- AVAILABLE DATA

------------

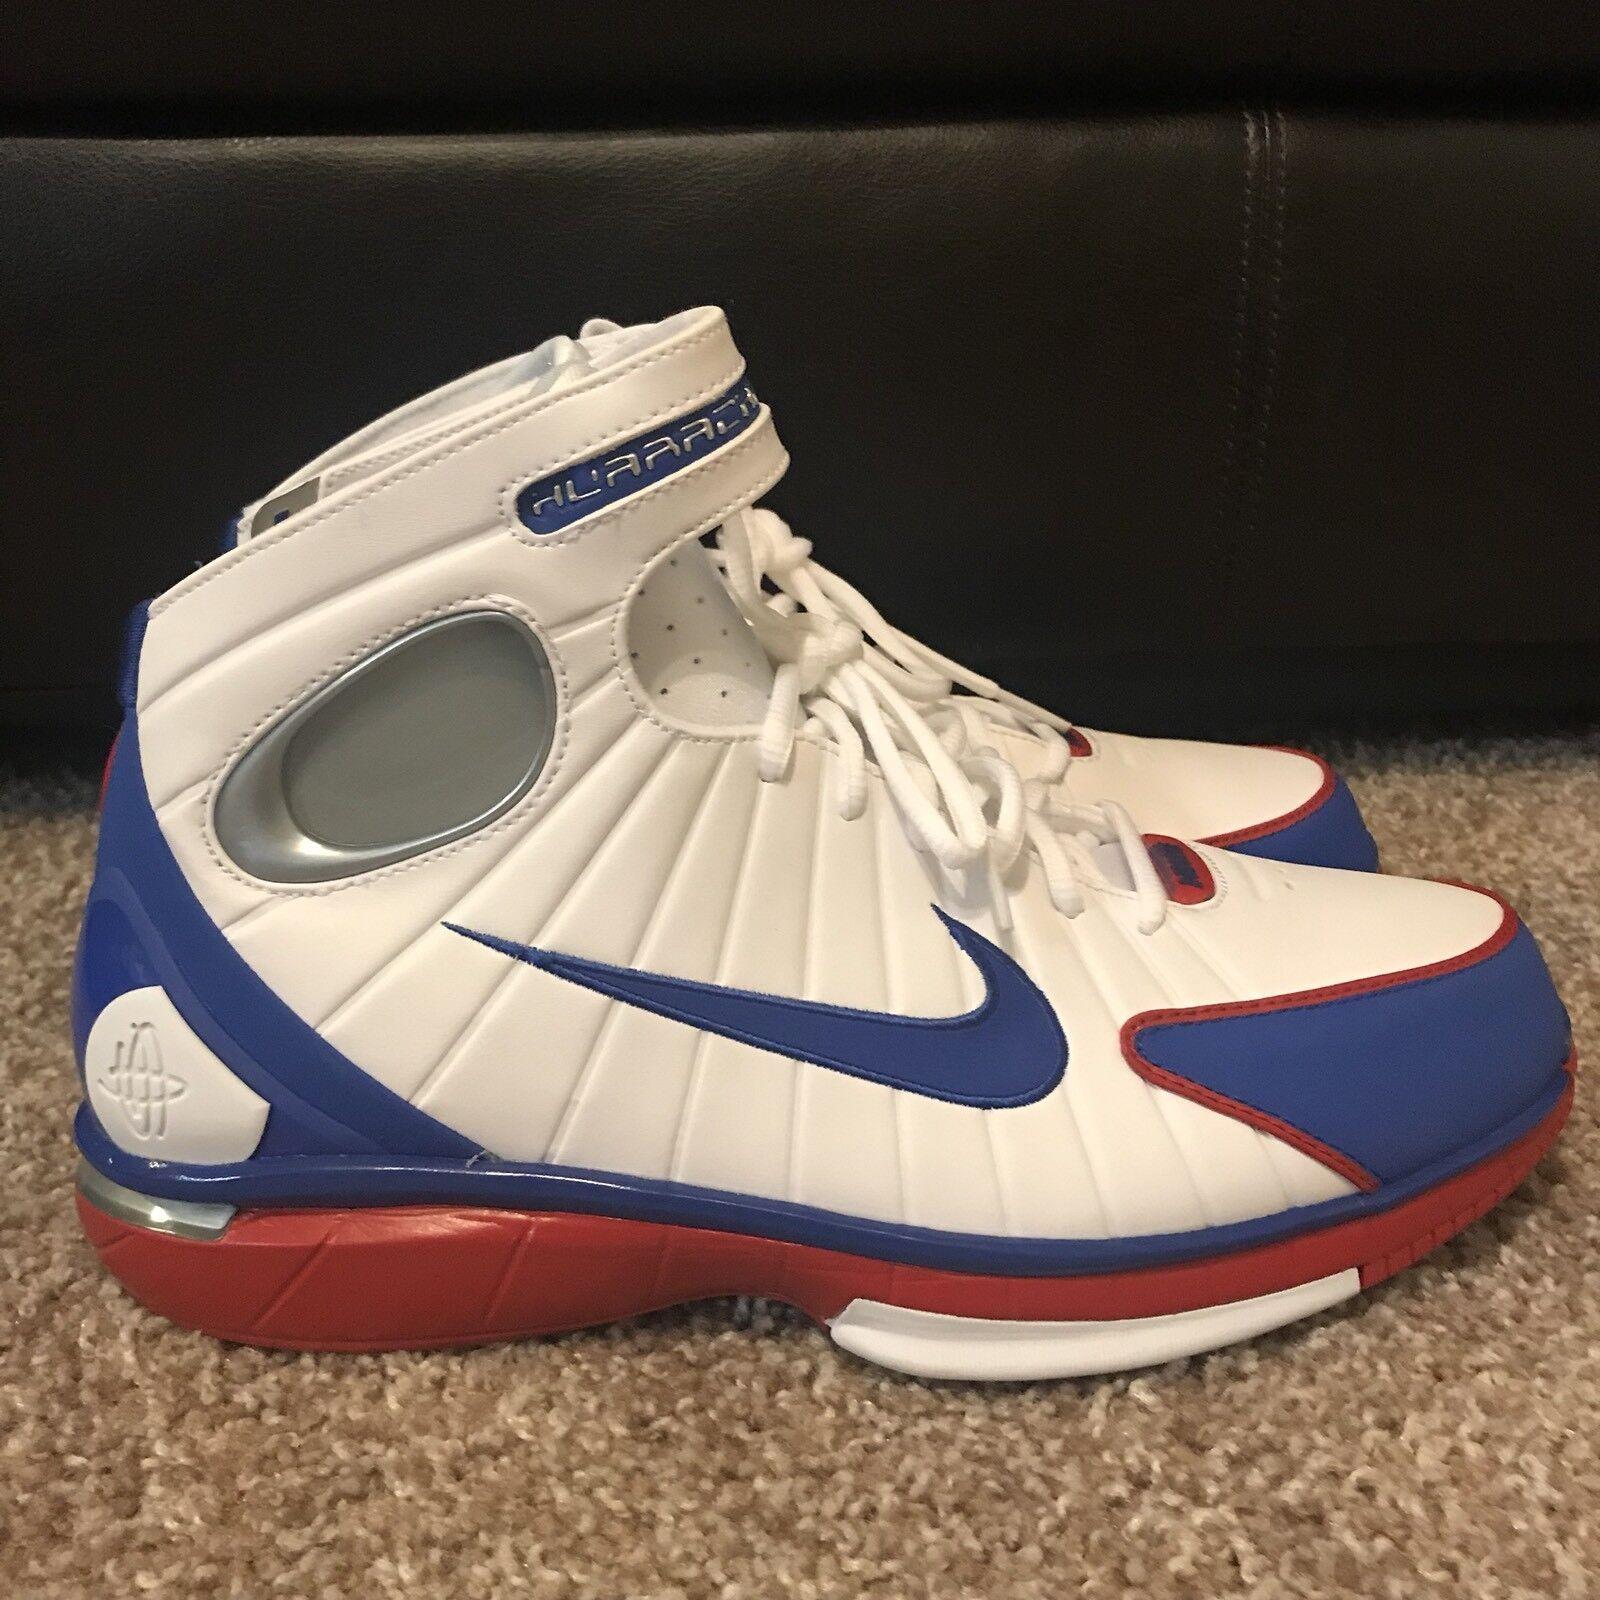 Nike Air Zoom Huarache 2K4  All Star  Men's Basketball Sneakers 308475-100 SZ 11
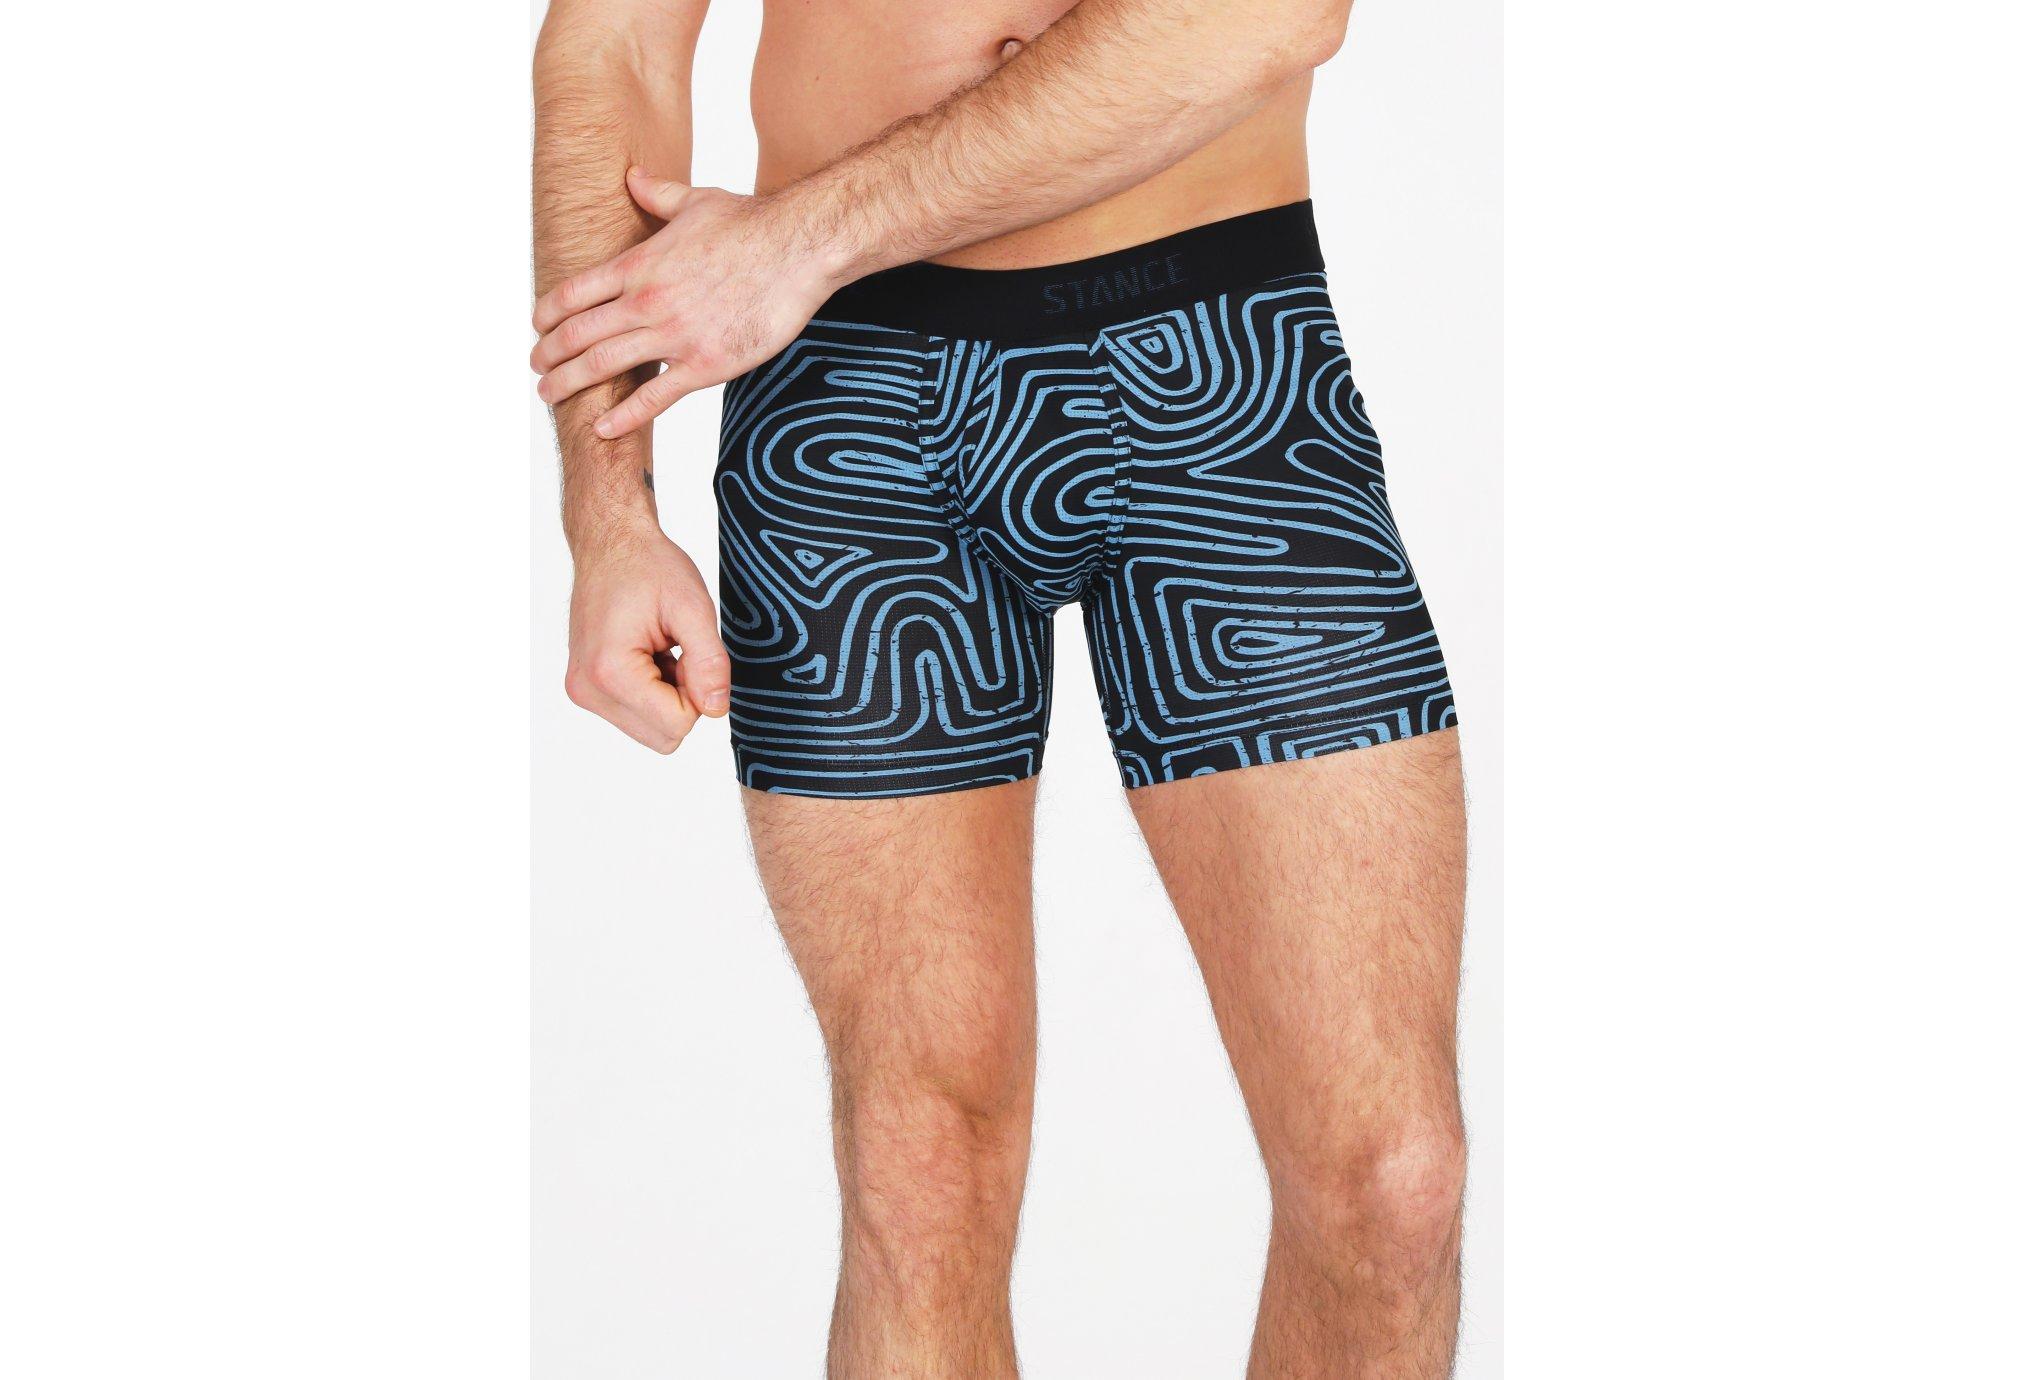 Stance Wholester Amaizing Boxer Brief M vêtement running homme
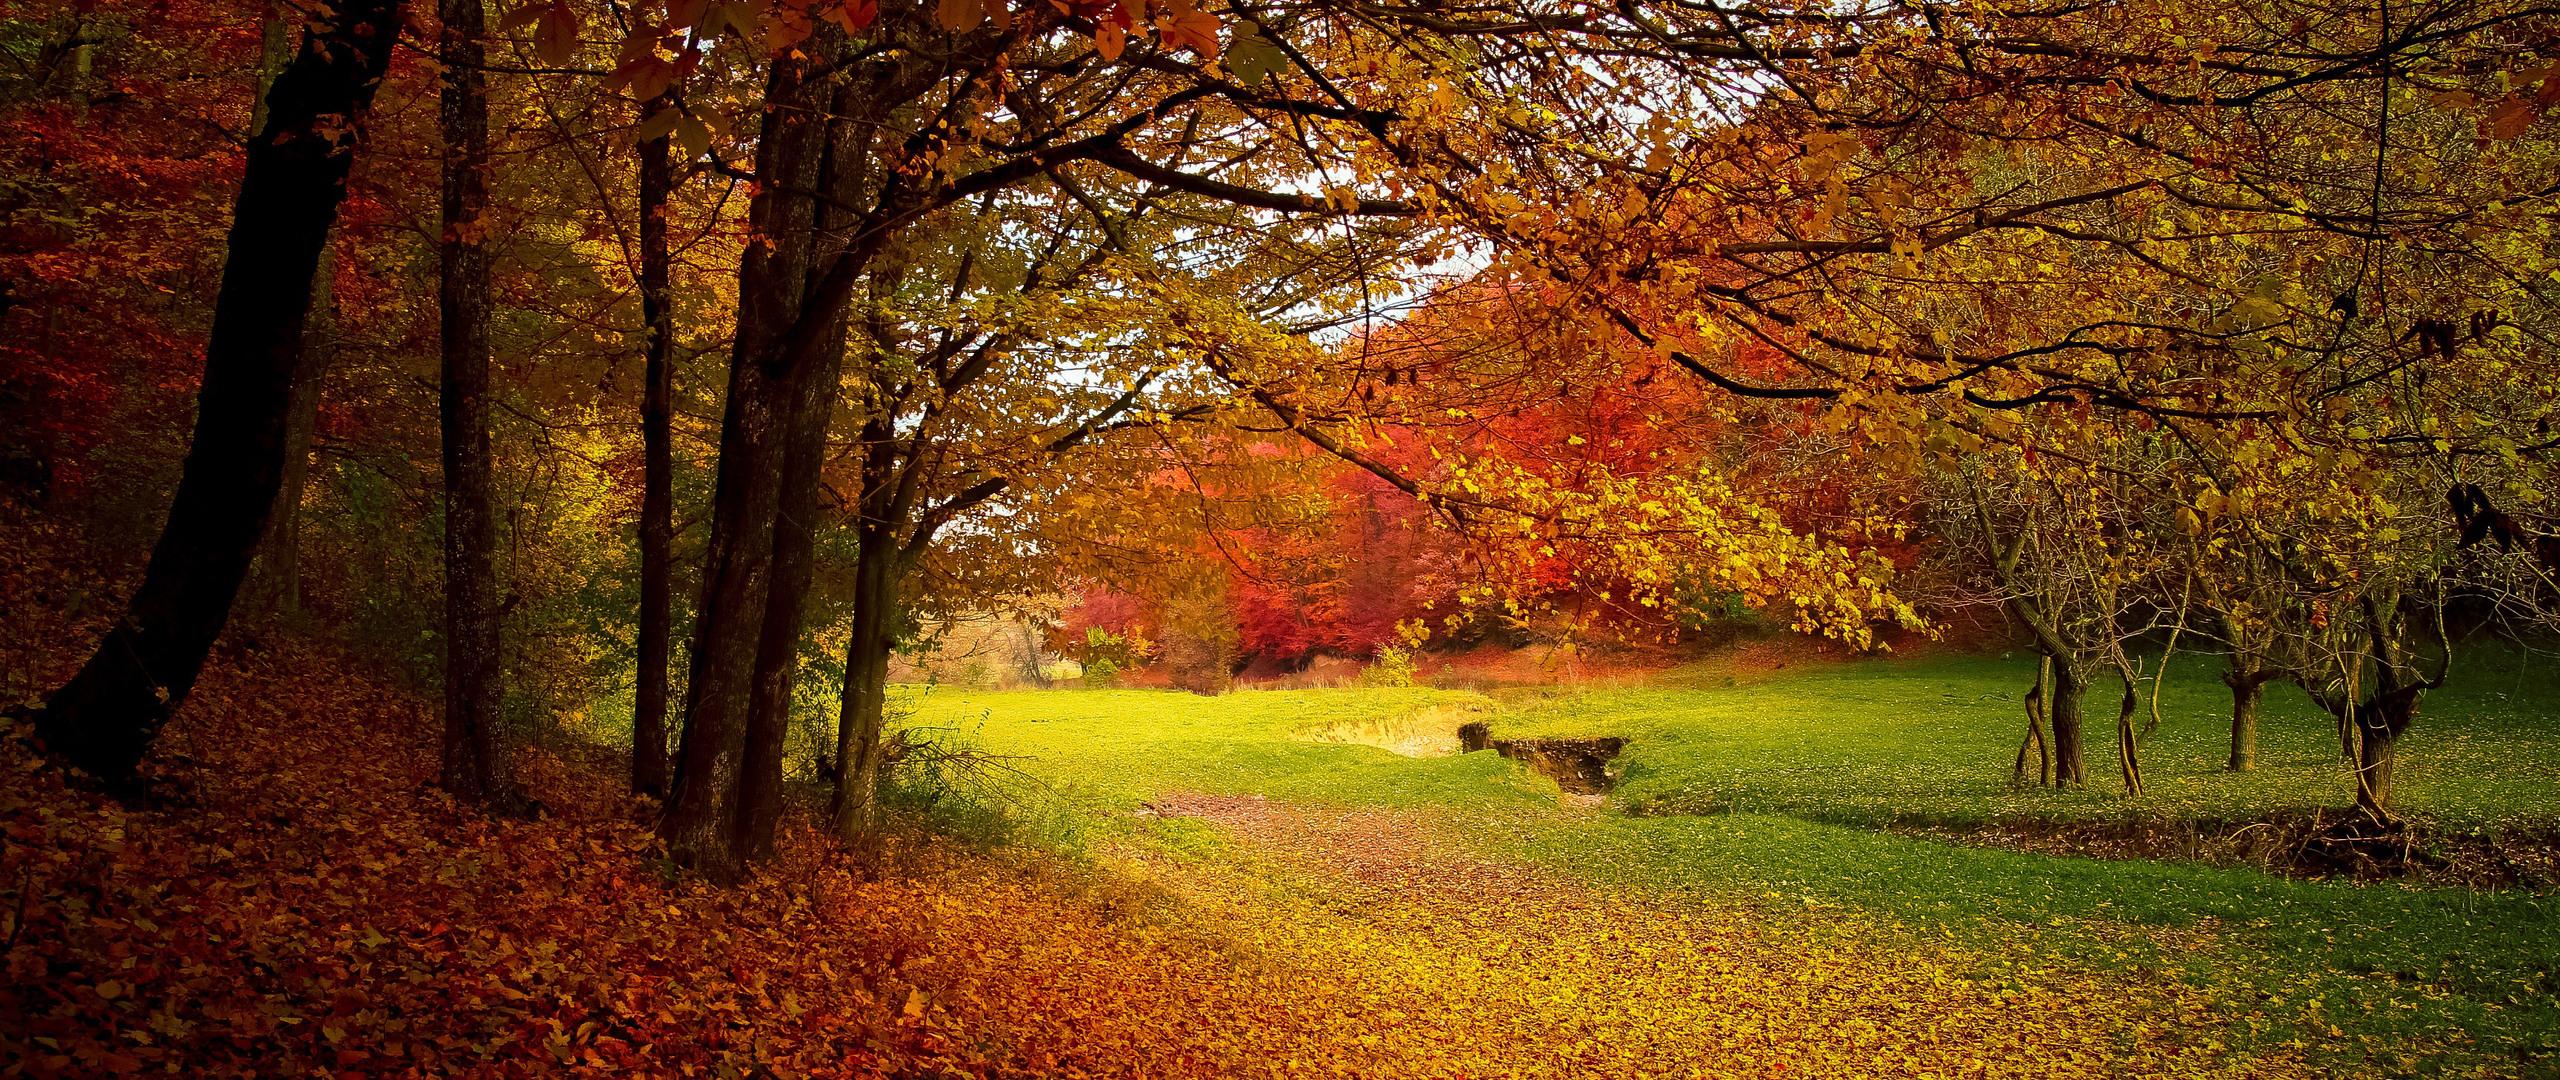 autumn-trees-fall-gj.jpg

------------

- WHAT IS NEEDED
Retype all the data exactly, please, without pictures.

- RESPONSE AREA
 Nike Air Zoom Huarache 2K4  All Star  Men's Basketball Sneakers 308475-100 SZ 11
 Stance Wholester Amaizing Boxer Brief M vêtement running homme
 autumn-trees-fall-gj.jpg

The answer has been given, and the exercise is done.